MALAT1-associated small cytoplasmic RNA (mascRNA) originates from the nuclear long non-coding RNA MALAT1, is a tRNA-like small non-coding RNA, and is localized in the cytoplasm.¹¹ While MALAT1 has been extensively studied and shown to influence various cellular processes, including the development of atherosclerosis,^12,13 the function of mascRNA remains largely unknown. Recent research has detected high levels of mascRNA in circulating human peripheral blood mononuclear cells (PBMCs).¹⁴ MascRNA suppresses the production of inflammatory cytokines in LPS-stimulated macrophages by inhibiting the activation of NF-κB and MAPK signaling pathways.¹⁵ In murine models of atherosclerosis, mascRNA deficiency leads to hyperactivity of circulating inflammatory cells and an increased macrophage presence in atherosclerotic plaques, contributing to plaque rupture and thrombosis formation.¹⁶ However, the expression of mascRNA in circulating exosomes remains poorly understood.

Our previous study demonstrated that MALAT1 may serve as a promising biomarker for cardiovascular disease, showing diagnostic potential for ACS patients.¹⁷ However, limited research has evaluated the diagnostic value of mascRNA in cardiovascular disease. This study aims to explore the link between plasma-derived exosomal mascRNA and the occurrence of ACS and its association with adverse cardiovascular events.

Materials and Methods

Study Subjects

This study included 281 patients who underwent coronary angiography at Meizhou People’s Hospital from Oct. 2021 to May 2024. The ACS patients were diagnosed according to the 2020 ESC Guidelines for managing acute coronary syndromes,¹⁸ which were characterized by symptoms such as recurrent chest pain at rest or with minimal exertion, as well as severe angina that began or worsened within 4 weeks before the procedure. The exclusion criteria included severe valvular heart disease, severe arrhythmias, acute or chronic inflammation, malignant tumors, autoimmune diseases, and hematologic disorders. The non-ACS group included individuals who were diagnosed without coronary artery disease (CAD) by cardiologists as coronary angiography indicative of stenosis < 50%. This research was approved by the Ethical Committee of Meizhou People’s Hospital (Approval No. MPH-HEC 2023-C-34) and was conducted in full accordance with the principles of the Declaration of Helsinki. Informed written consent was collected from each participant. Figure 1 illustrates the study flow.

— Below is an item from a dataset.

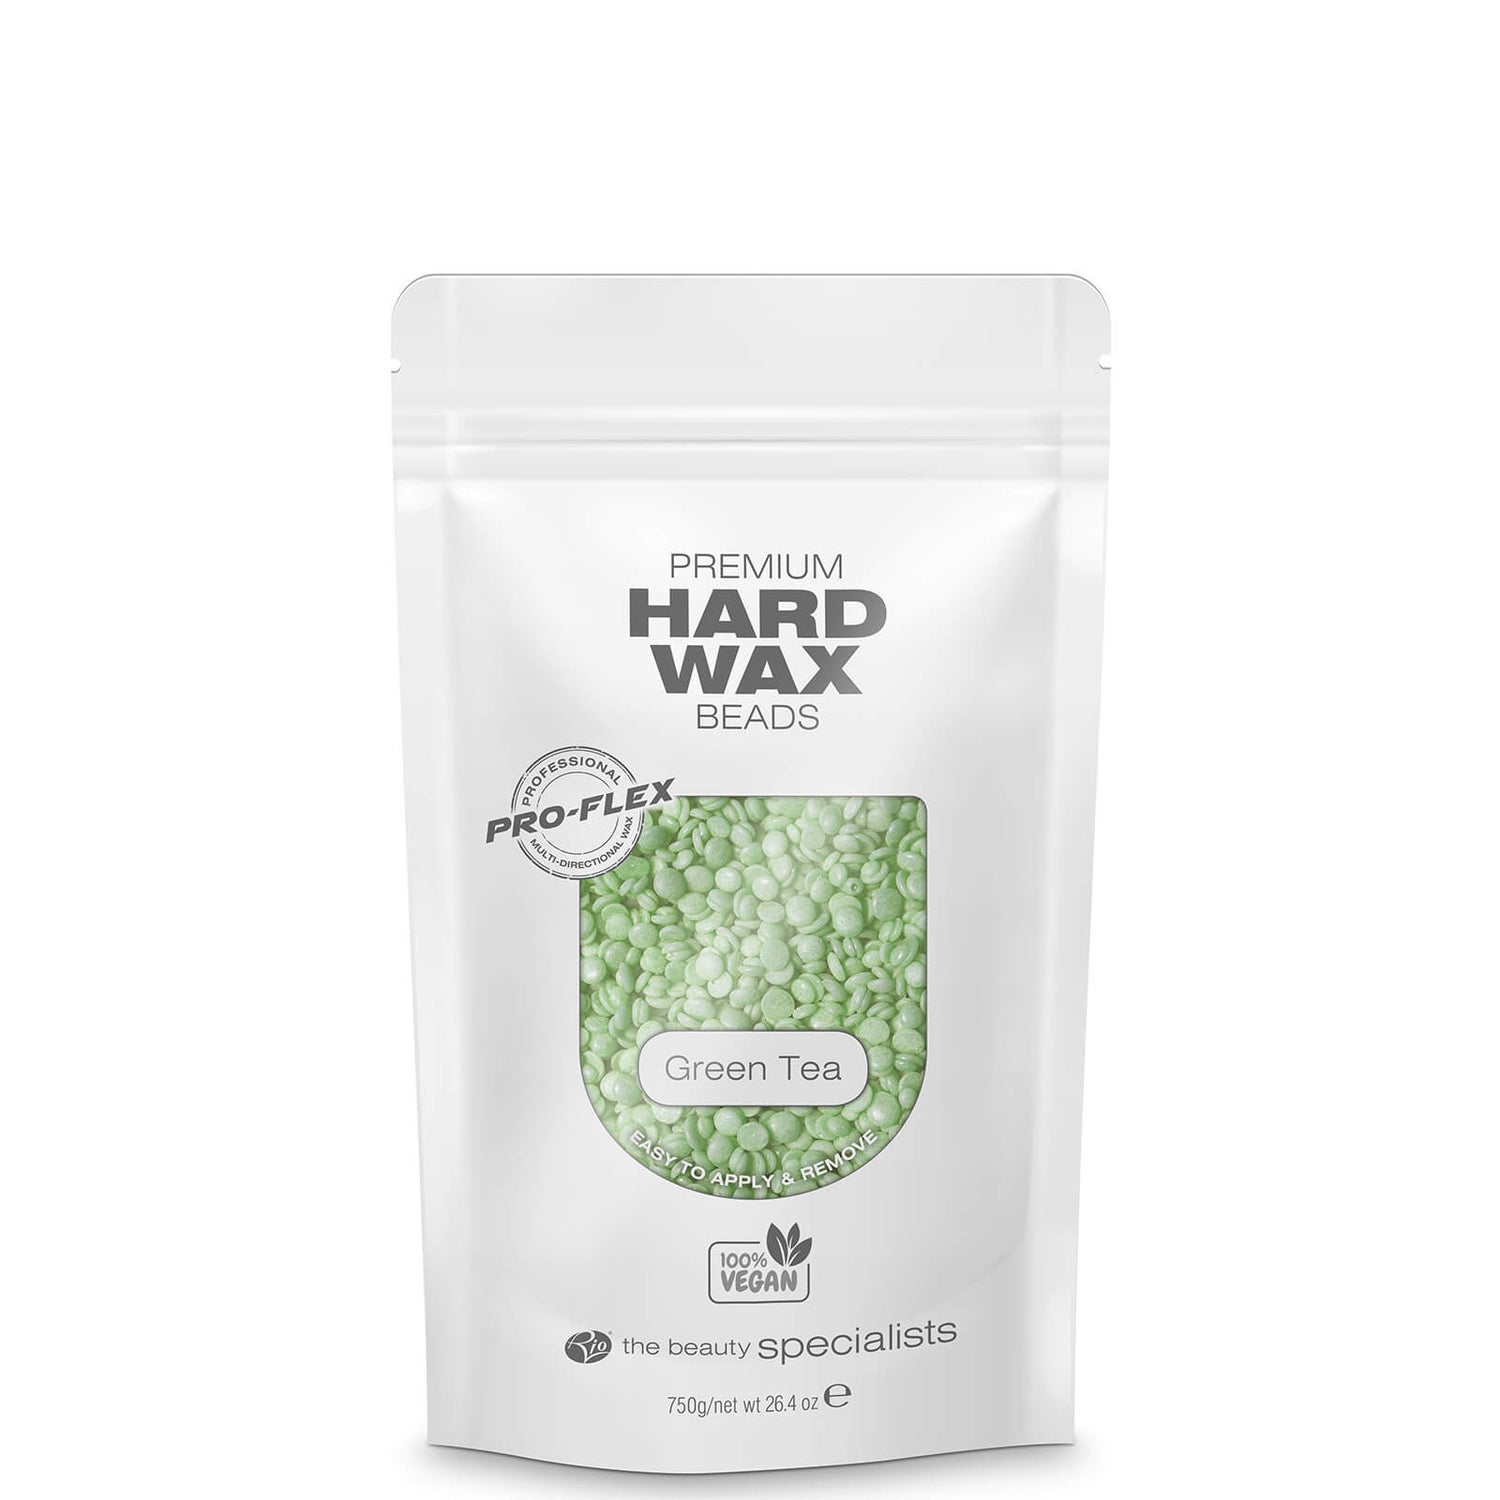 Rio Premium Hard Wax Beads - Green Tea

Figure 1 Study flow diagram.

Plasma Collection

A total of 5 mL of venous blood was obtained from patients prior to PCI and placed in EDTA anticoagulant tubes. The samples were maintained at 4°C for 2 hours. Subsequently, the samples were centrifuged at 300g for 10 minutes, after which the supernatant was collected and aliquoted into centrifuge tubes for exosome isolation.

Exosome Isolation

Exosomes were isolated from plasma by ultracentrifugation techniques (CP100NC, Hitachi), as shown in Figure 2A. In brief, the plasma was subjected to centrifugation at 2000g for 10 minutes, after which the supernatant was collected. This was followed by centrifugation at 10,000g for 30 minutes, and the supernatant was again collected. Subsequently, the sample was centrifuged at 120,000g for 30 minutes, and the supernatant was carefully discarded. The resulting pellet was resuspended in PBS and centrifuged once more at 120,000g for 30 minutes. The supernatant was discarded, leaving the exosomes at the bottom for subsequent experiments. All centrifugation procedures were performed at 4°C.

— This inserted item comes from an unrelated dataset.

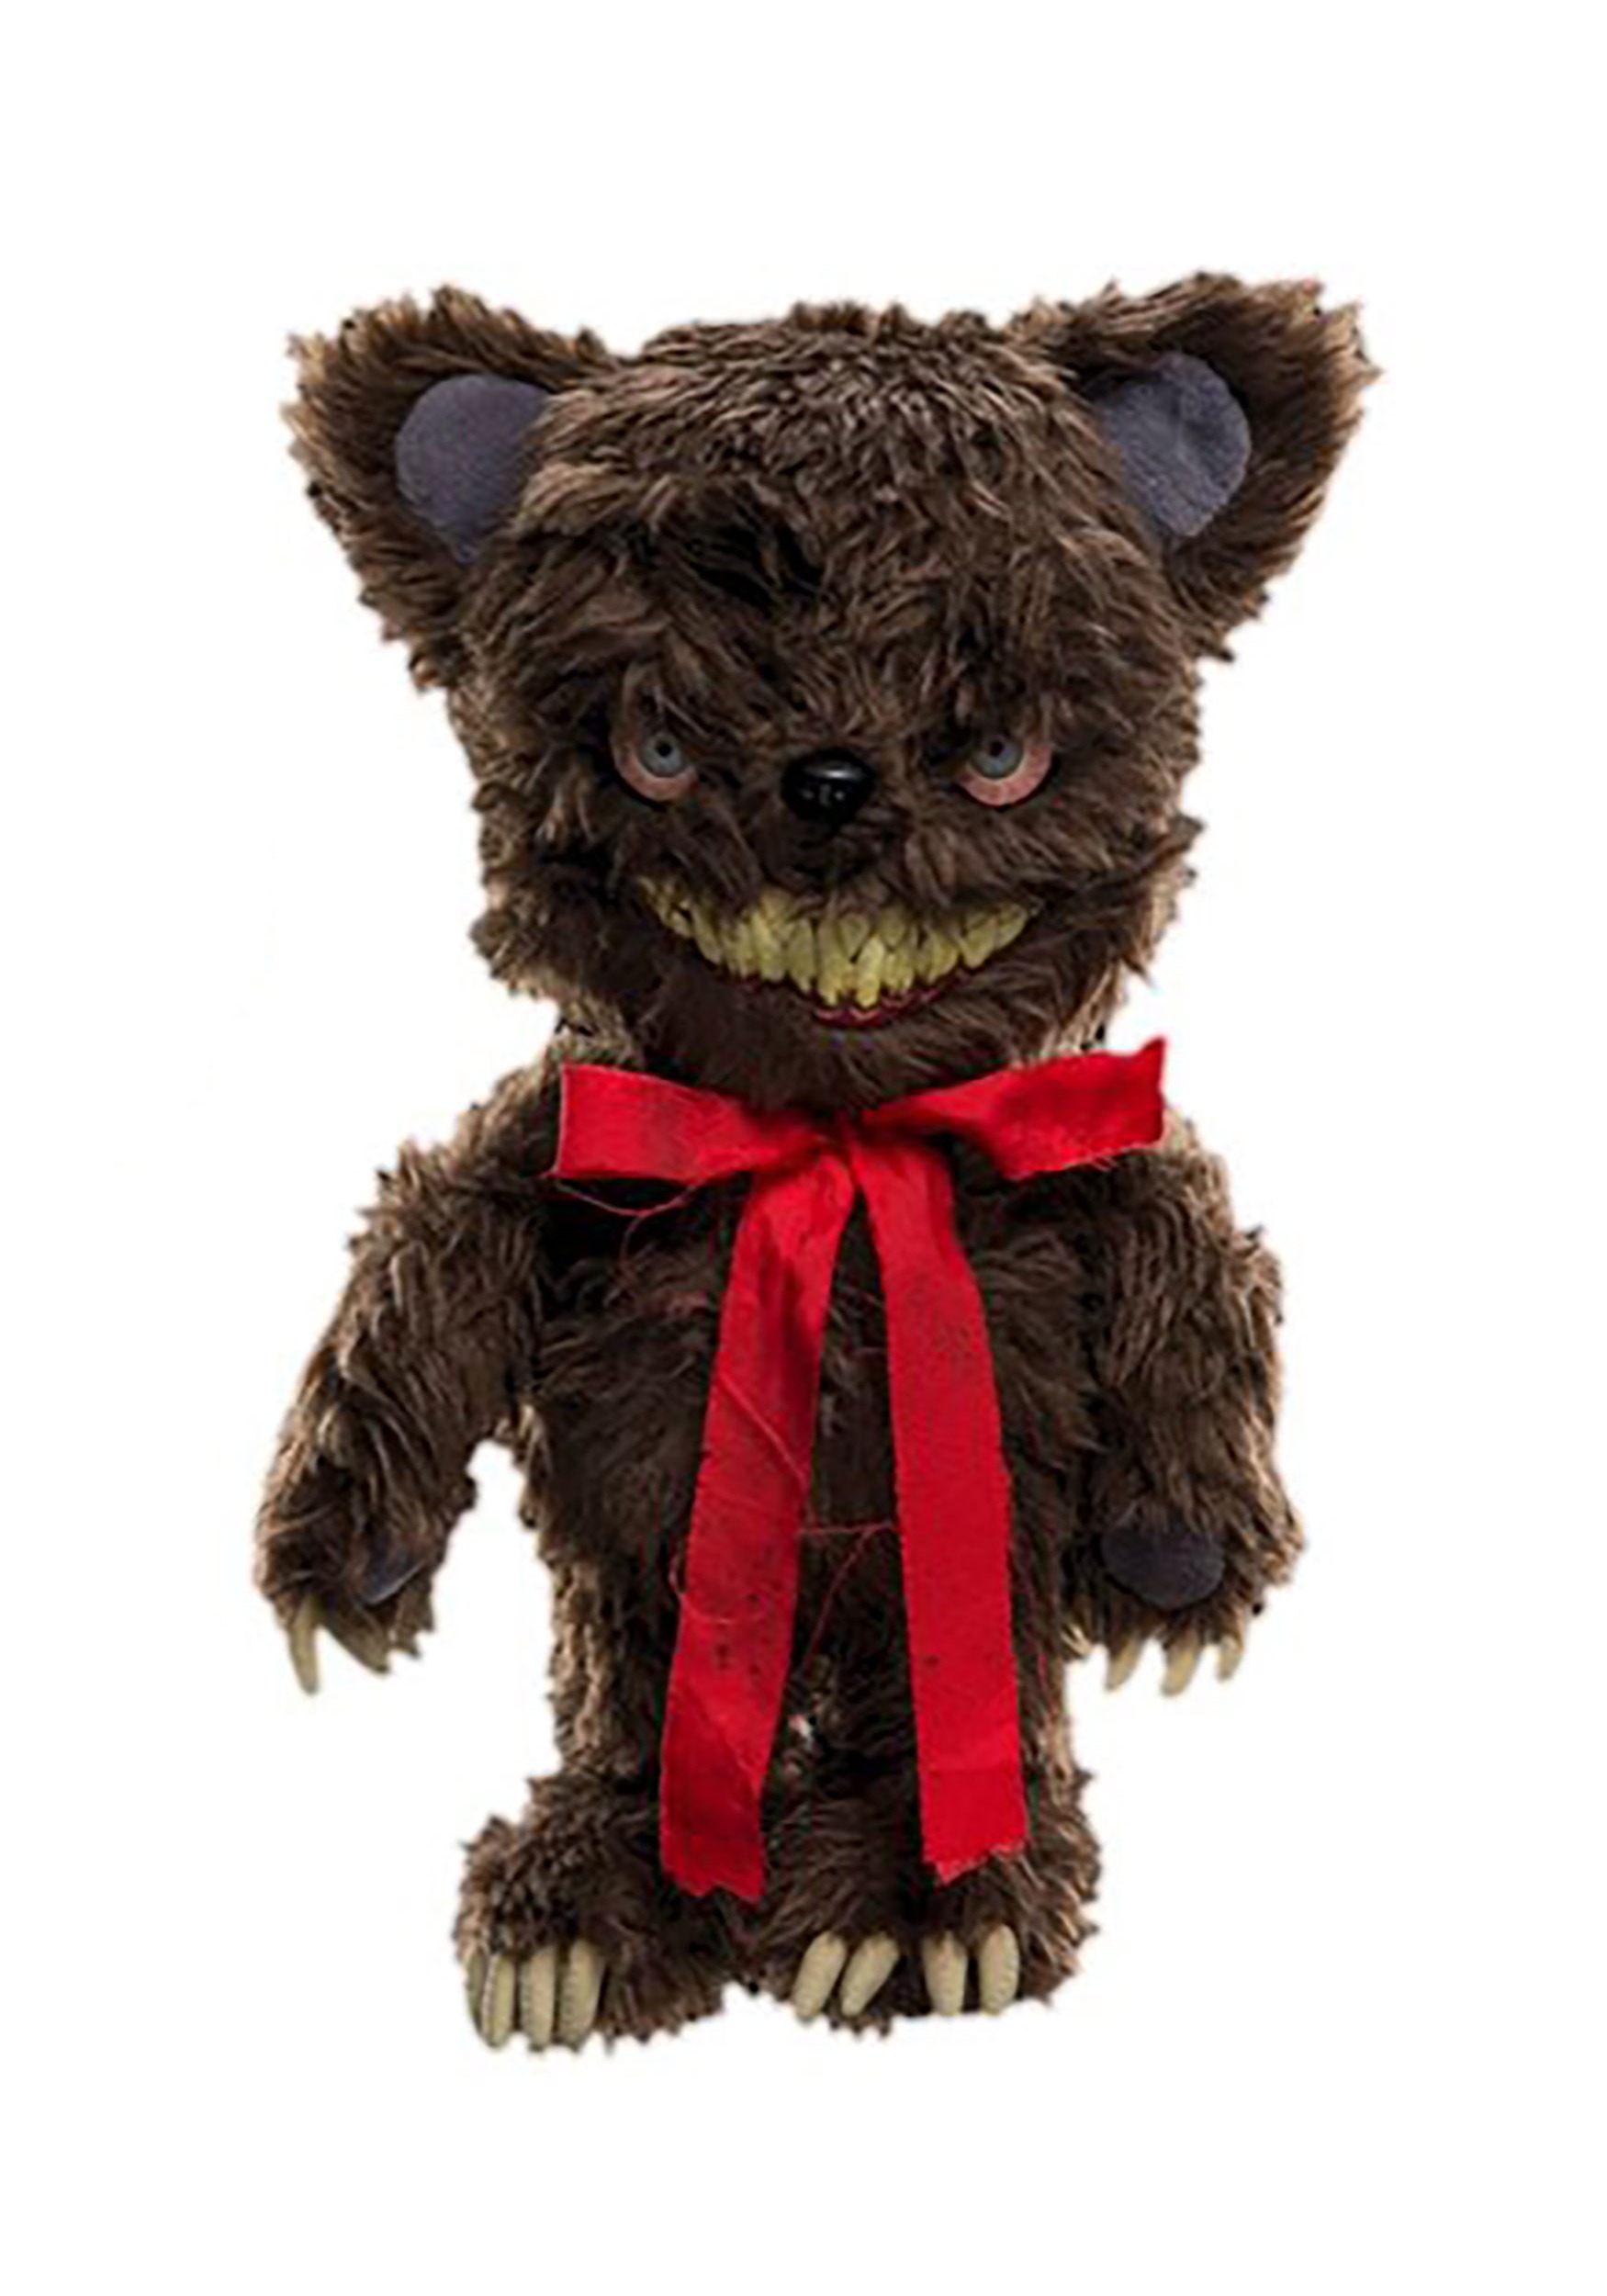 Krampus Klaue Movie Stuffed Teddy Bear

Figure 2 Isolation and characterization of exosomes from plasma. (A) Centrifugation protocol for enrichment of plasma exosomes; (B) Transmission electron microscopy (TEM) analysis of the exosome morphology. Representative exosomes are indicated by arrows; (C) The particle size of exosomes was measured by nanoparticle tracking analysis. (D) Western blot analysis of the exosomal markers.

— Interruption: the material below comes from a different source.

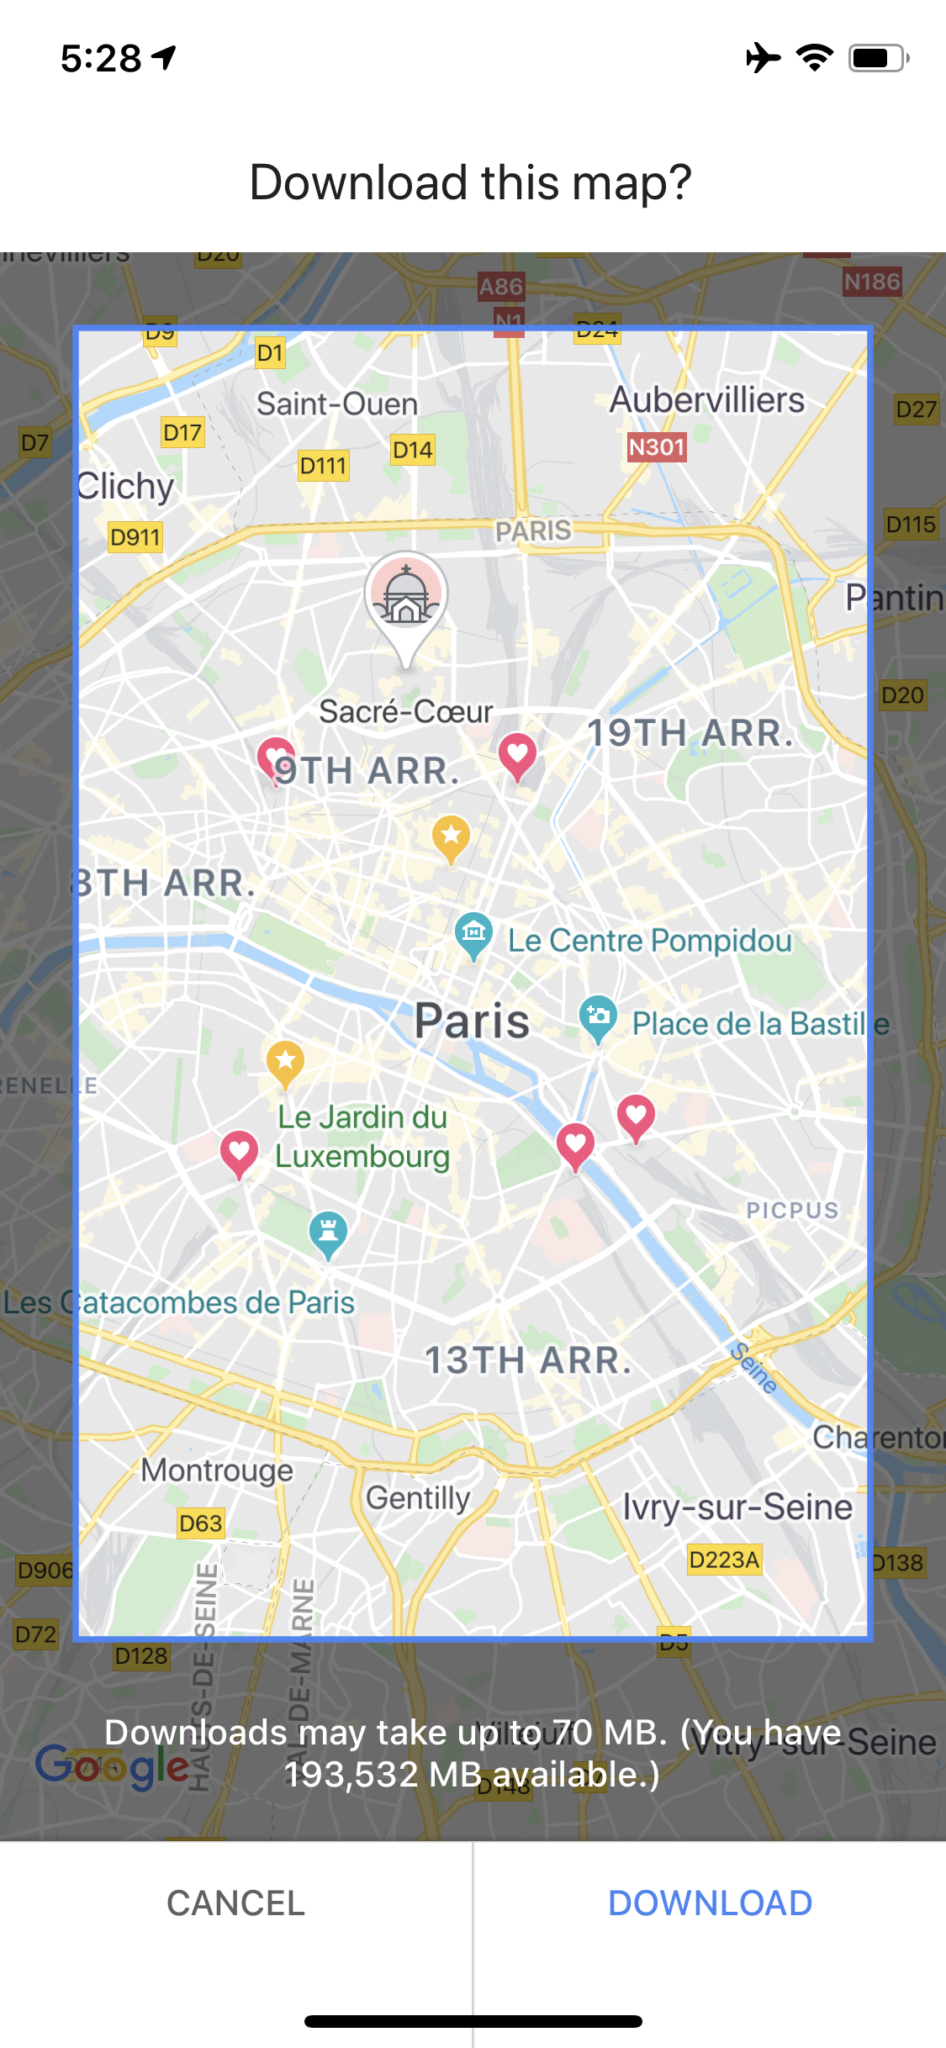 travel app in europe

Characterization of Exosomes

The exosomes derived from plasma were characterized using nanoparticle tracking analysis (NTA), Western blotting, and transmission electron microscopy (TEM). For the Western blot analysis, the exosomes were probed with the following primary antibodies: anti-CD9 (1:1000, Cell Signaling Technology), anti-CD63 (1:1000, Cell Signaling Technology), and anti-TSG101 (1:1000, Cell Signaling Technology). The NTA was conducted using a NanoSight NS300 instrument (Malvern Panalytical) to evaluate the size, distribution, and concentration of the exosomes. TEM was performed with a JEM-1400 microscope (JEOL, Japan) to examine the ultrastructural features and size of the exosomes.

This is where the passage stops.